I don't get how to write an element of this set as a formal sum. On the internet I could find such a representation: $$f = \sum_{a \in A}{n_a\phi_a}$$ Where $\phi_a(x) = \begin{cases} \text{1,} &\quad\text{if x}\ = \text{a} \\ \text{0,} &\quad\text{if x}\ \ne \text{a}\\ \end{cases}$

The problem is, I don't udnerstand what $n_a$ is here, many resources don't mention what this is. For example, on Wikipedia it's writtten as a function, but this doesn't feel natural to me. Is $n_a\phi_a$ a function composition then? An integer value seems to fit here more.

I am totally fine with less general definition of a free group $\mathbb{Z}^{\oplus n} = \underbrace{\mathbb{Z}\oplus\ .\ .\ .\ \oplus\mathbb{Z}}_\text{n-times}$. With an element of $\mathbb{Z}^{\oplus n}$ being a tuple $(m_1, ..., m_n)$ that can be written in a unique way as a sum: $$\sum_{i = 1}^n{m_i\phi(i)}$$ With $\phi(i) := \underset{\text{i-th place}}{(0,\ .\ .\ .,\ 0,\ 1,\ 0,\ .\ .\ .\ ,\ 0)} \in \mathbb{Z}^{\oplus n}$ and $m_i$ being some integer coefficient.

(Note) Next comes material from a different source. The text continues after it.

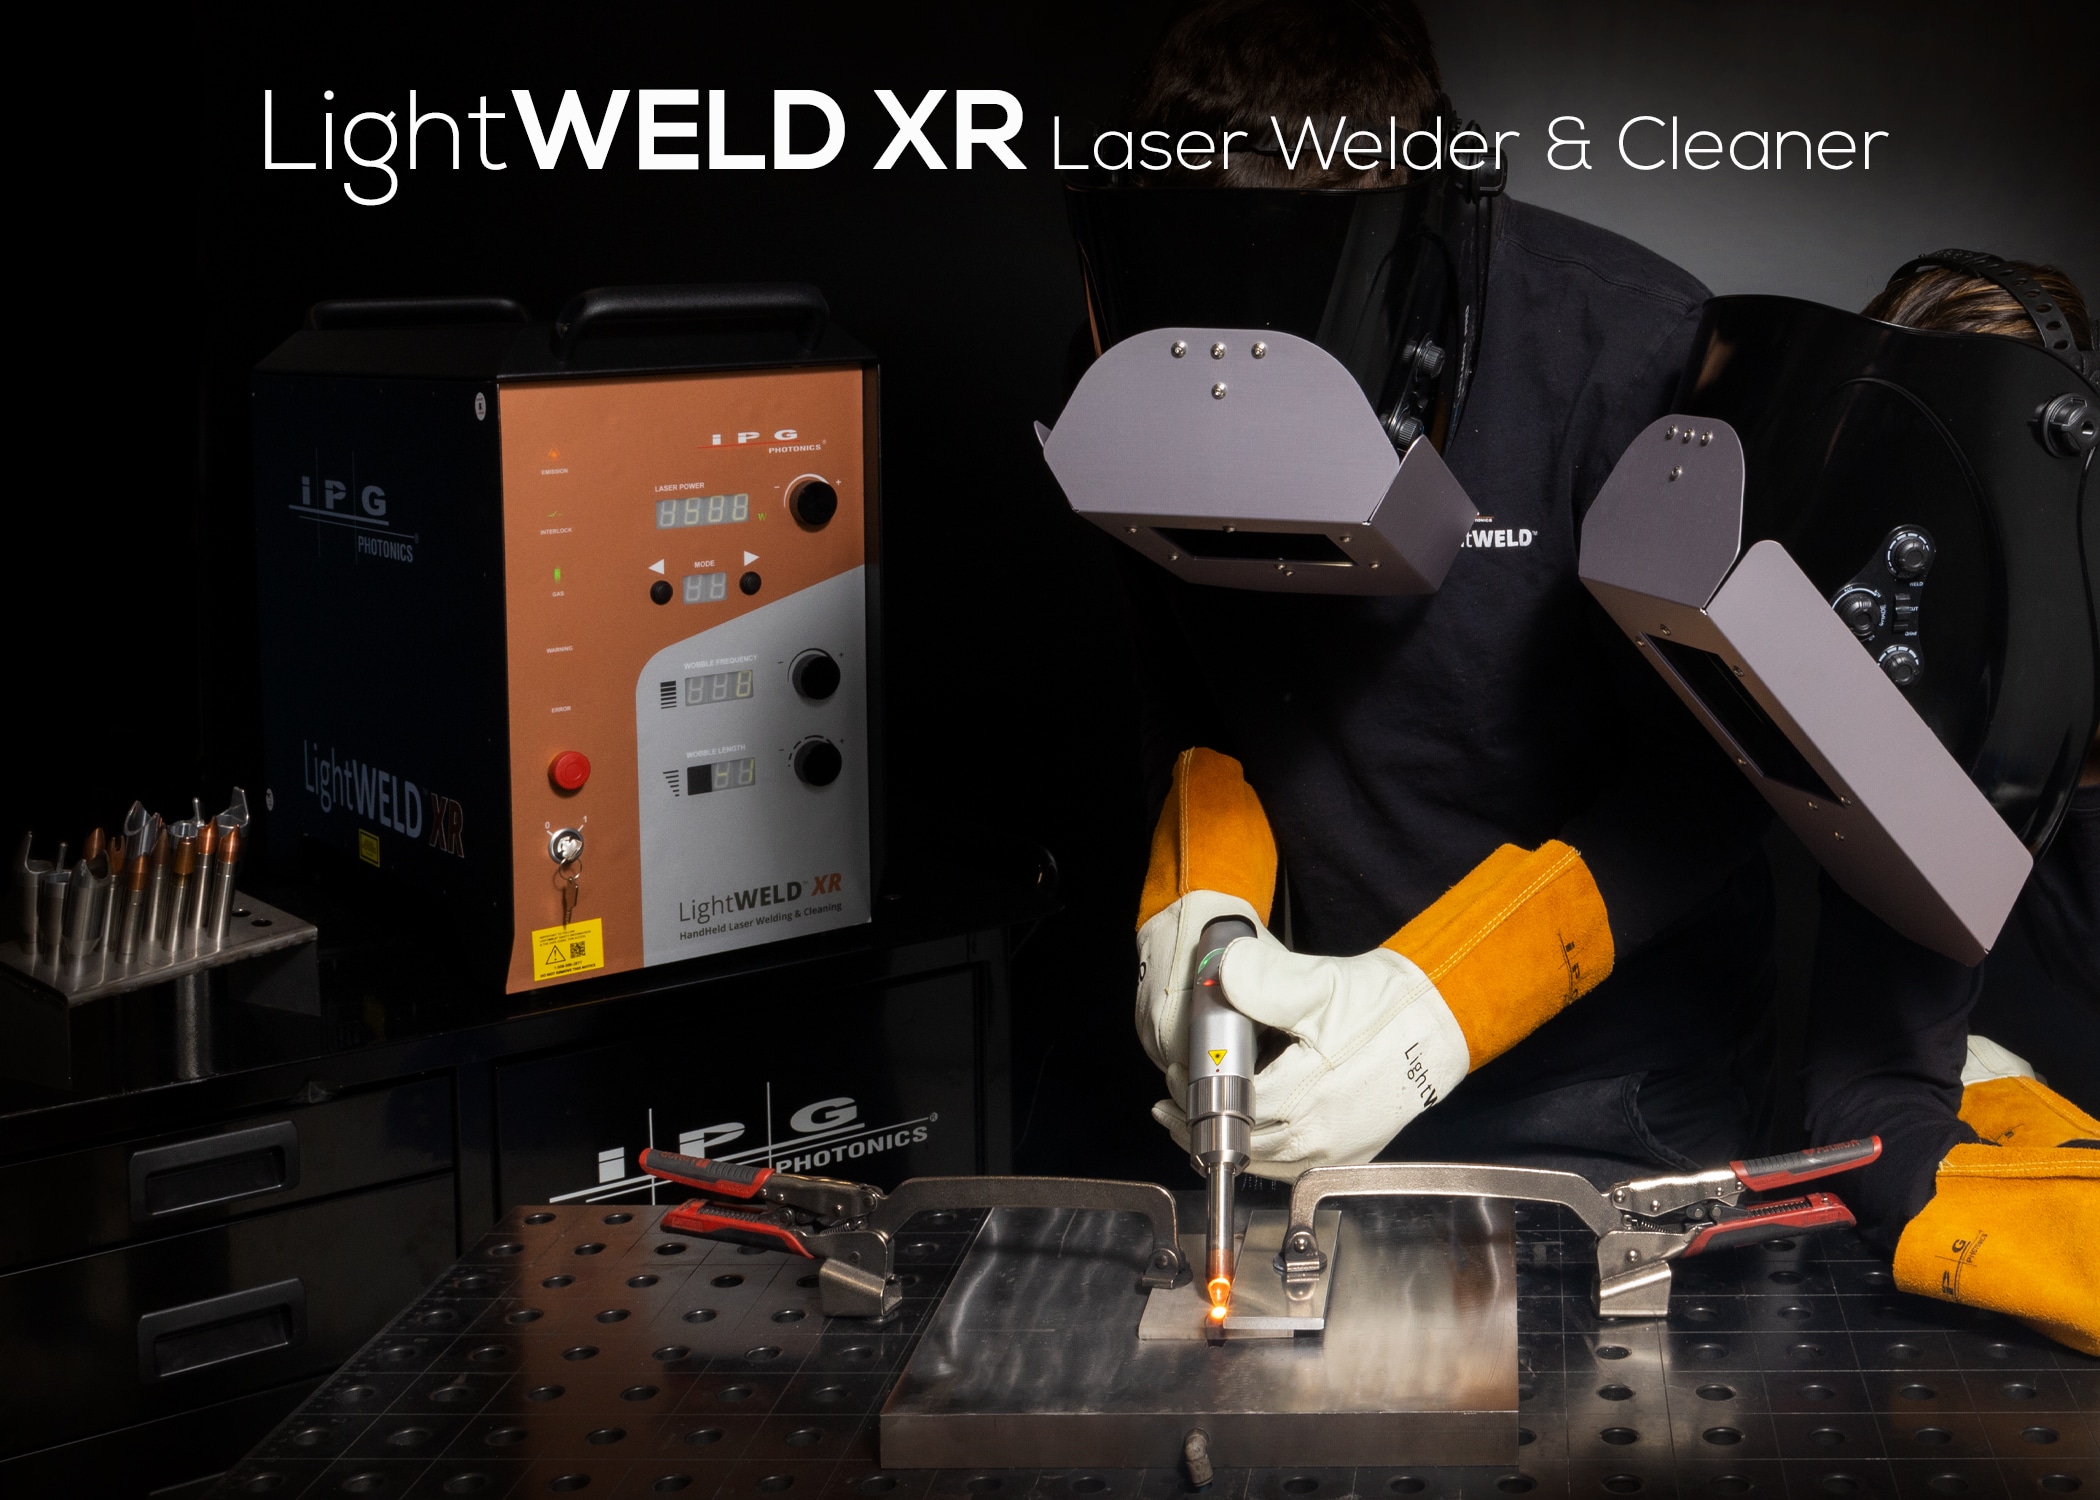 Overview of RMT’s LightWELD XR Laser Welder

I understand that $\mathbb{Z}^{(A)}\cong \mathbb{Z}^{\oplus n}$ if, for example, if $A =\{1,\ .\ .\ .\ , n\}$, then $(m_1, ..., m_n)$ may be identified with a function $A\rightarrow \mathbb{Z}$ taking $i$ to $m_i$. But I don't understand how to put this information together and define an element of $\mathbb{Z}^{(A)}$ via sum.

Moreover, should group homomorphism $\psi:\mathbb{Z}^{(A)} \rightarrow G$ ($G$ is an arbitrary abelian group) be defined as $$\psi(\sum_{a \in A}{n_a\phi_a}):= \sum_{a \in A}{n_af(a)}$$ where $f:A\rightarrow G$ is a set function (a forgetful functor, in fact). Again, only integer value $n_a$ feels ok for me.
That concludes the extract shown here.